Fwd: html for scholarly communication: RASH, Scholarly HTML or Dokieli?

On Sun, Sep 10, 2017 at 12:04 AM, Sarven Capadisli <info@csarven.ca> wrote:

> On 2017-09-09 22:48, Johannes Wilm wrote:
> > The formats that focus on a limited tag-set have been developed already
> > (RASH and Scholarly HTML) may have just about everything we need
> > already.
> It certainly does not, and that's part of the issue here.
> Scholarly HTML doesn't set that constraint. RASH has the following 32
> elements:
> a, blockquote, body, code, em, figcaption, figure, h1, head, html, img,
> li, link, math, meta, ol, p, pre, q, script, section, span, strong, sub,
> sup, svg, table, td, th, title, tr, ul

These look very similar to what we produce currently.

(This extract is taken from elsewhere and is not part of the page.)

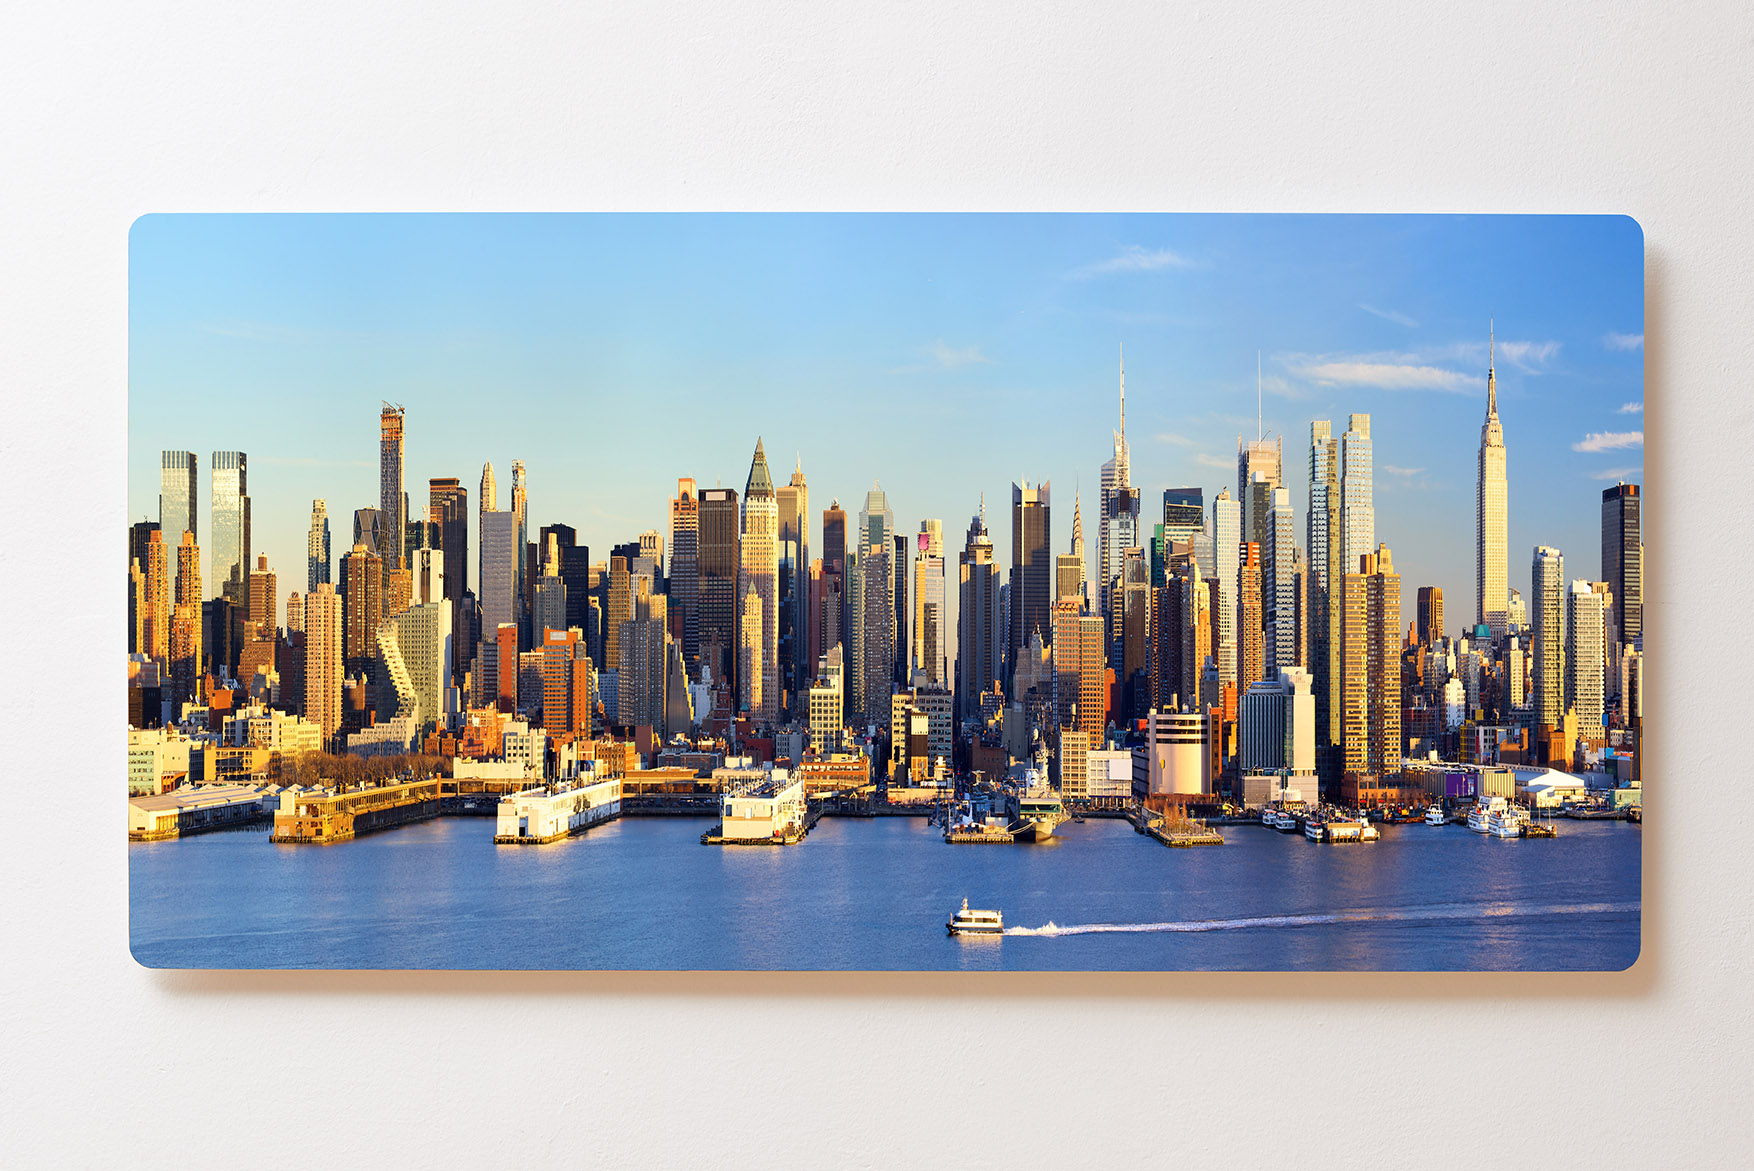 Magnettafel BACKLIGHT 120x60cm Motiv-Wandbild M100 New York Skyline

> Looking at that list, it seems predominantly a *print first* approach,
> not "Web first"! In 2015 it was about 25 elements, and that was
> certainly all one needed. So much for that.
> The last thing SH would want to respond to the scholarly community is
> something like "`video`? Sorry that's not allowed. Please align your
> perception of scholarly information on the Web with ours (circa 2017)."

How about a base format that can be used both for presentations on the net,
and be converted to epub and and print/PDF formats, and a "multimedia
extension" that is targeting only the web? I think under all circumstances
we need a format that can be converted to other output format, such as
print or light-weight ebooks that cannot contain entire movies, and that
therefore comes without multimedia beyond static images/SVGs, as those
usecases continue to exist also in the age of the web.

As for allowing arbitrary elements: I tried copying an article from the
Guardian into a Dokieli editor. And like any other JS editor, it did some
basic cleaning of the soup of incoming HTML: It stripped the CSS classes
and a Video on Twitter turned into just a black image.  Still, it left a
lot of attributed that probably had a meaning for the JavaScript on the
Guardian webpage, but made little sense on the Dokieli page. Multiple
stacked DIVs also meant that my caret moved around strangely and just by
looking at the on-screen tools there I could not find anything to for
example remove or merge some of these DIVs.

These are the kinds of problems one aims to remove by using a standardized
subset for scientific articles.

> That exact line of reasoning holds true for any given element or
> arbitrary constraint on top of the *living* HTML spec.
> Again, authors will want to do things beyond what SH could possibly
> capture, or the CG can plan for. Plenty of skills in this CG, but let's
> not forget that we are only a vocal minority. I suggest that we do not
> prematurely think we got scholarly information covered by way of x
> elements or whatever.

One will never cover everything. But one could cover a large number of
usecases and provide a set of common tools to deal with files in that
format. For those who don't want to use it and don't need the tools --
great, HTML5 is always there.

On Sun, Sep 10, 2017 at 12:50 AM, Silvio Peroni <silvio.peroni@unibo.it>

> Hi Johannes,
> It would be different if it was a standard backed by a standardization
> organization and extensively discussed between different parties. As Robin
> pointed out, a lot of choices will be arbitrary, and the reasoning behind
> everything is not always immediately visible. So had this been a standard
> coming out of such a process, most would likely follow it anyway, no matter
> whether they agree with the logic, they don't or they do not care.
> That’s why we are all here.

That is what I thought, and I am glad you guys are willing to contribute
with all the experiences you have gathered with RASH already.

Johannes Wilm
Fidus Writer

Received on Sunday, 10 September 2017 07:32:09 UTC